Message withdrawn at poster's request.

blackcurrants Sat 25-Jun-11 22:25:34

I think my DH would describe himself as a feminist - but would also happily describe himself as pro-feminist or a feminist ally, depending on the requirements or preferences of the people he's meeting. He's respectful to the woman's movement, like that. He thinks that if a man is a feminist then his place is a listening and supporting place.

Which is why I call him a feminist. smile

I'm aware this post is rather "not my Nigel!" but in this instance, I'm also aware how lucky I am to know a man who knows his privilege.
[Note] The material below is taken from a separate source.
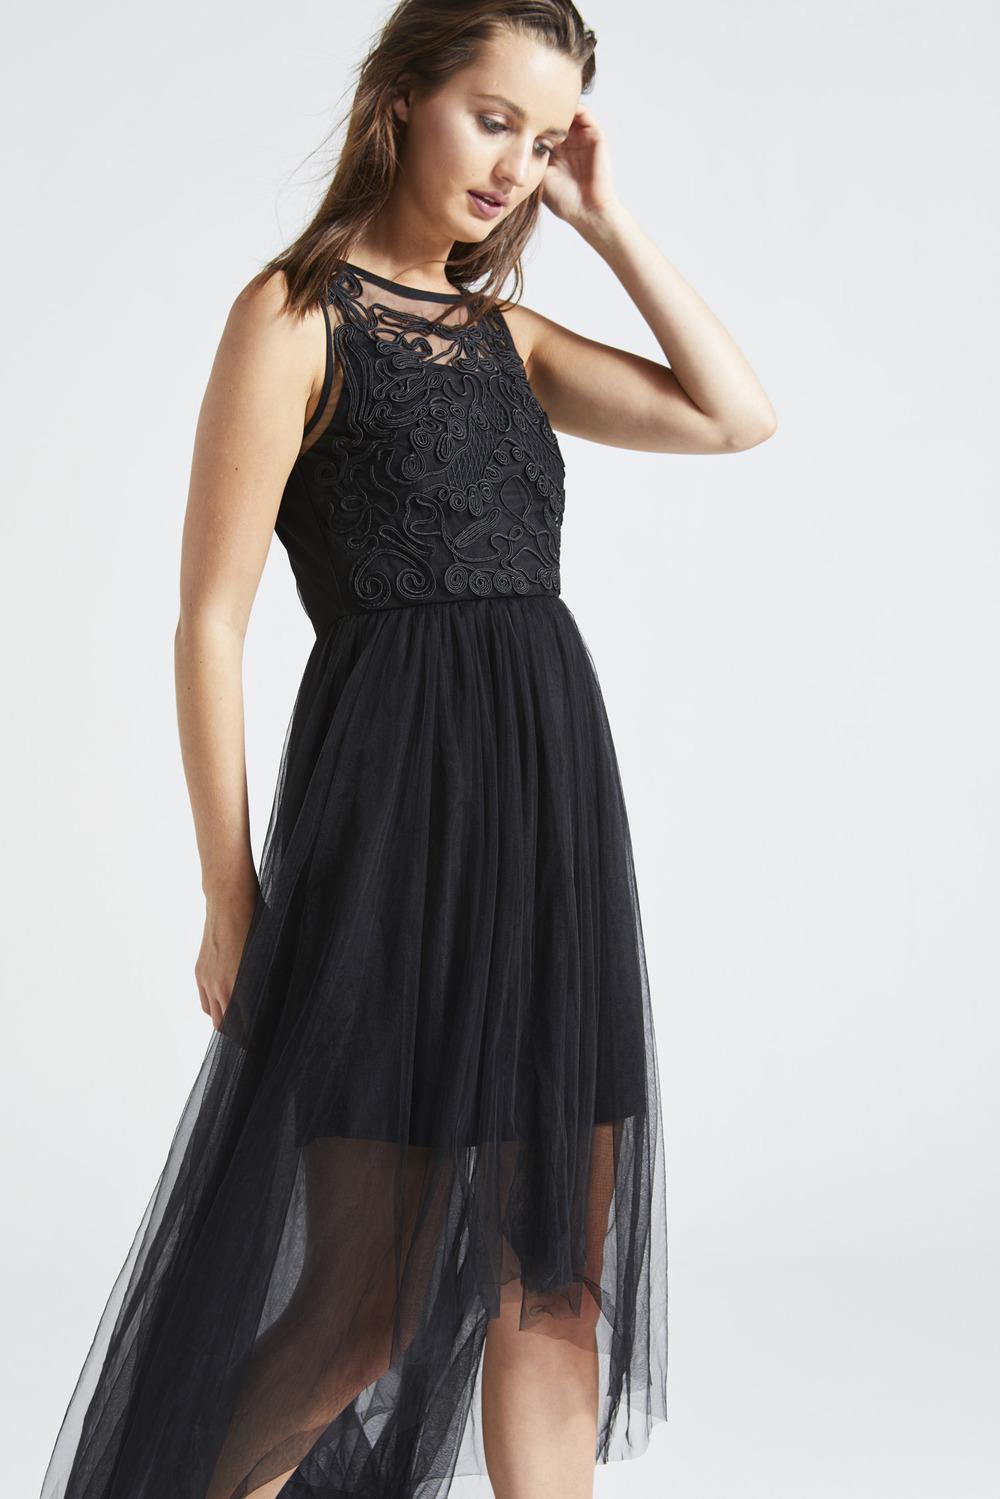 2546462b4553 Black Beaded Mesh Hi-Low Maxi Dress | Dresses | AngelEye Fashion

allosaurusrex Sat 25-Jun-11 22:36:51

I said something like " you can't be a feminist because you're a man!", meaning that feminism arises out of a specifically female take on the world and that a man cannot experience this, being a man, and therefore cannot be a feminist as such although he may empathise and understand female issues.

I have a problem with this definition of feminism because it paints women as an equal, homogenous group which they patently are not. We are not purely oppressed due to our sex but due to our economic, religious and cultural circumstances. Similarities and comparisons can be made across the spectrum but if we exclude a man from calling himself a feminist because he cannot experience the world as a woman then we must admit to a great gulf between us very rich, largely white westerners and those in poorer countries facing very different and (to us) unimaginable problems. I don't think it's very fair to say we are able to empathise with a woman so far outside our experience because we both happen to possess a vagina.

Generally, I dislike exclusivity in feminism full stop. My personal definition would probably be broader than many.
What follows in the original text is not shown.